As described in the accounting policies, provisions are measured at management’s best estimate of the expenditure required to settle the obligation at the end of the reporting period. These estimates are made taking into account a range of possible outcomes and will vary as further information is obtained.

 

Key estimates — expected credit losses

 

Credit risk is the risk that a counterparty will not meet its obligations under a financial instrument or customer contract, leading to a financial loss. The Company is exposed to credit risk from its operating activities (primarily trade receivables) and from its financing activities, including deposits with banks and financial institutions, foreign exchange transactions and other financial instruments. In assessing the expected credit losses, the Company takes in account recent sales experience and historical collection rates.

 

Key estimates — inventory

 

Each item on inventory is reviewed on an annual basis to determine whether it is being carried at higher than its net realizable value. During the year, management conducts routine evaluations of its inventories to ensure that the carrying value of inventories does not exceed net realizable value (“NRV”). NRV is based on the estimated selling price of inventories less, estimated costs of completion. If the carrying value of inventories exceeds NRV, the surplus is recognized within Cost of sales, writing down the value of inventories to establish a new cost basis. Management conducts routine analyses to determine if estimates (e.g., estimated selling prices and estimated costs) used in the NRV calculation require changes and if additional impairment adjustments to inventories are required.

 

Key estimates - impairment of non-financial assets

 

The Company assesses impairment of all assets (including intangible assets) at each reporting date by evaluating conditions specific to the Company and to the particular asset that may lead to impairment. These include product, technology, economic and political environments and future product expectations. If an impairment trigger exists the recoverable amount of the asset is determined.
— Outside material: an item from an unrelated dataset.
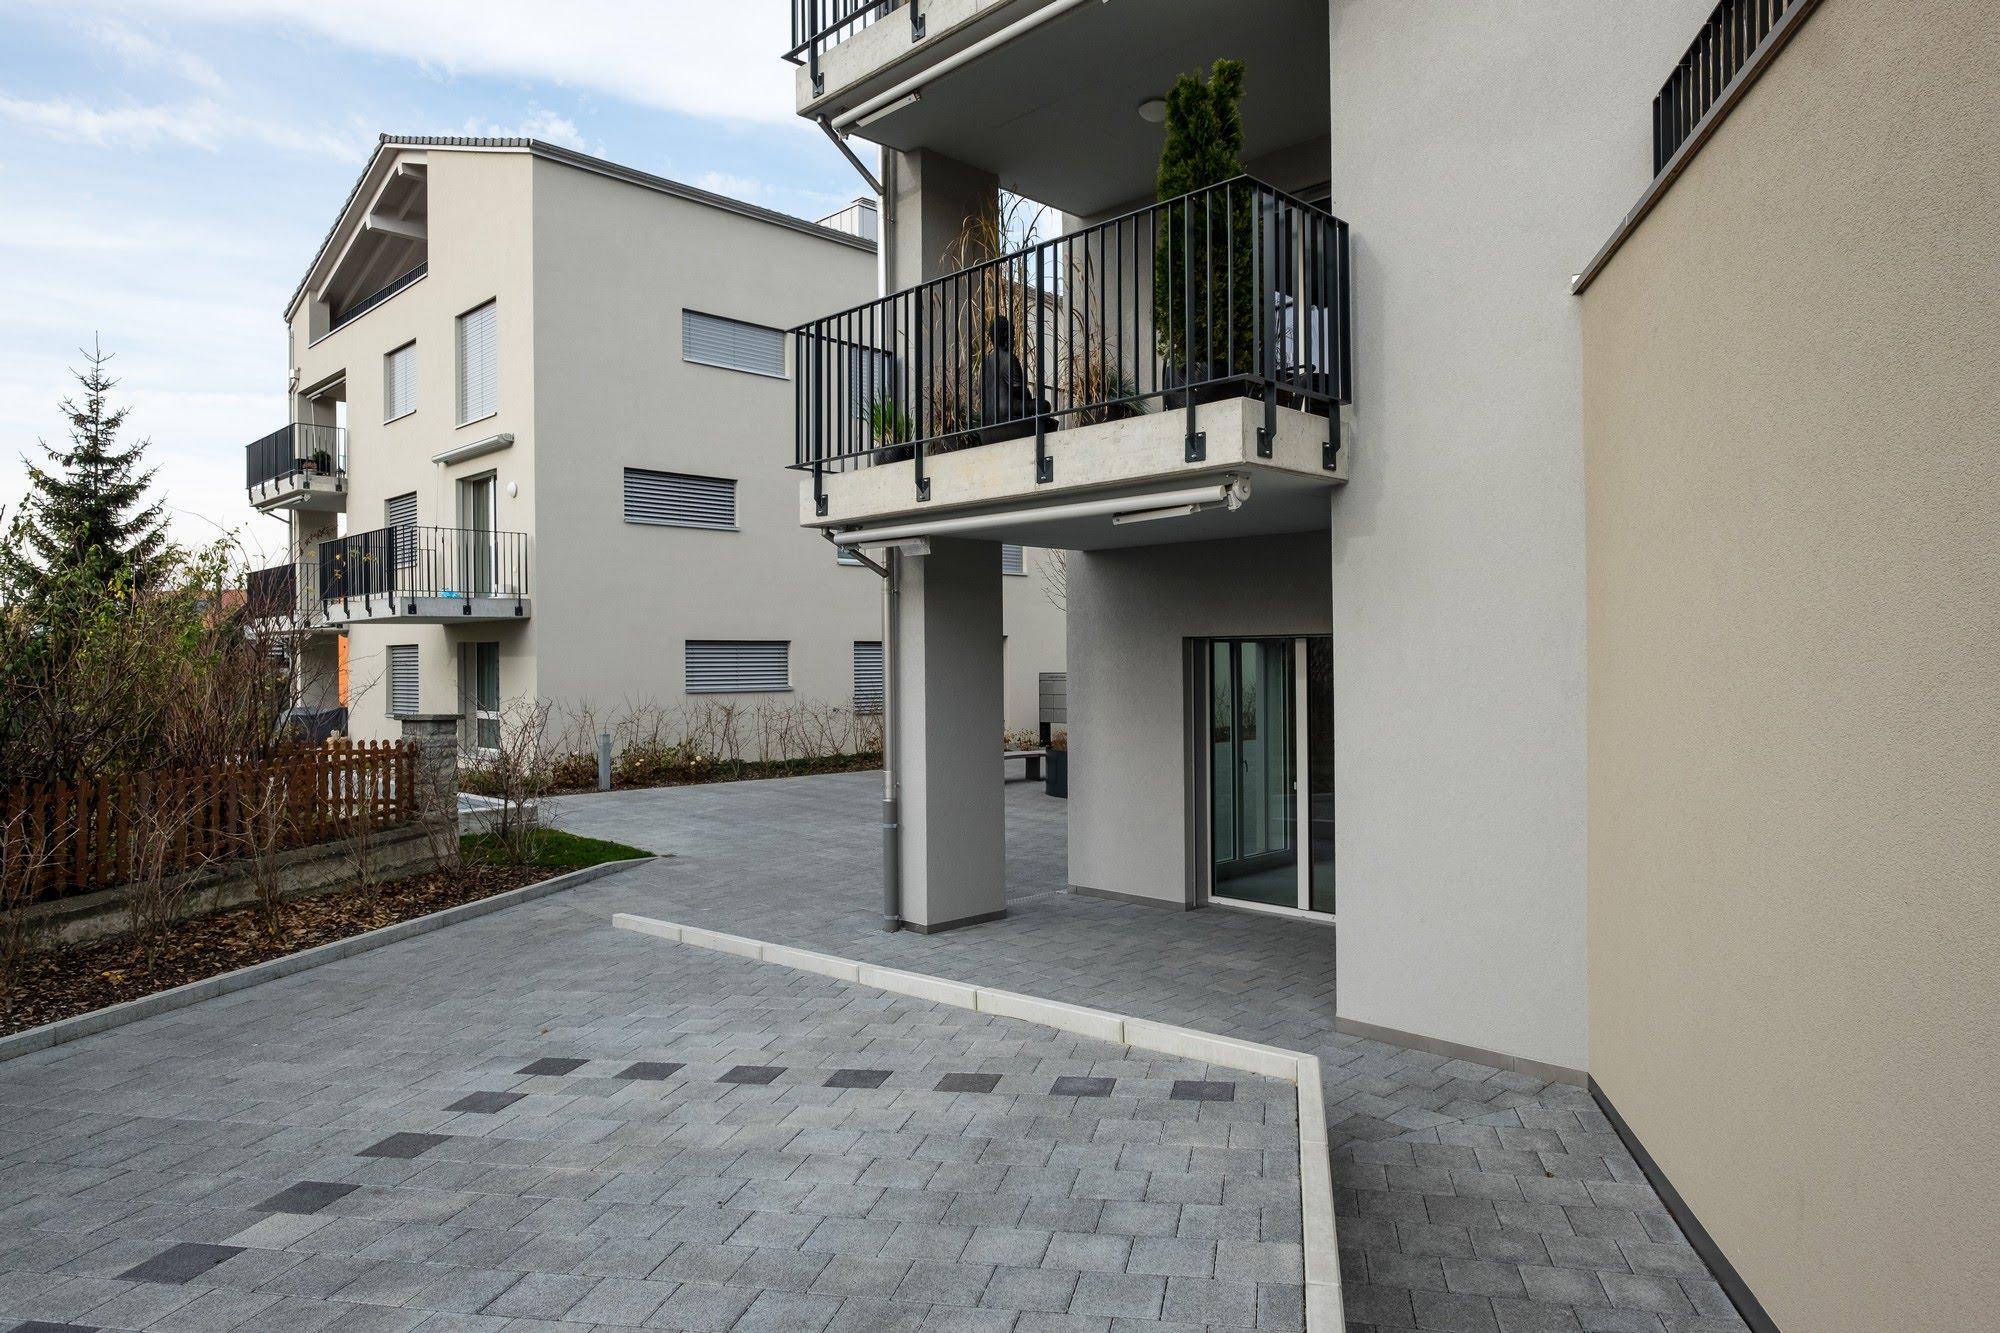 Wohnen MFH,Gewerbe Drei MFH im Zentrum von Neudorf Architektur,Wohnungsbau,Wohnhäuser,Einfamilienhäuser,Mehrfamilienhäuser

Given the current uncertain economic environment management considered that the indicators of impairment were significant enough and as such these assets have been tested for impairment in this financial period.

 

Key estimates - fair value of derivative financial instruments

 

The fair values of derivative financial instruments that are not quoted in active markets are determined by using valuation techniques. Valuation techniques used include discounted cash flows analysis and models with built-in functions available in externally acquired financial analysis or risk management systems widely used by the industry such as option pricing models. To the extent practical, the models use observable data. In addition, valuation adjustments may be adopted if factors such as credit risk are not considered in the valuation models. Management judgement and estimates are required for the selection of appropriate valuation parameters, assumptions and modelling techniques.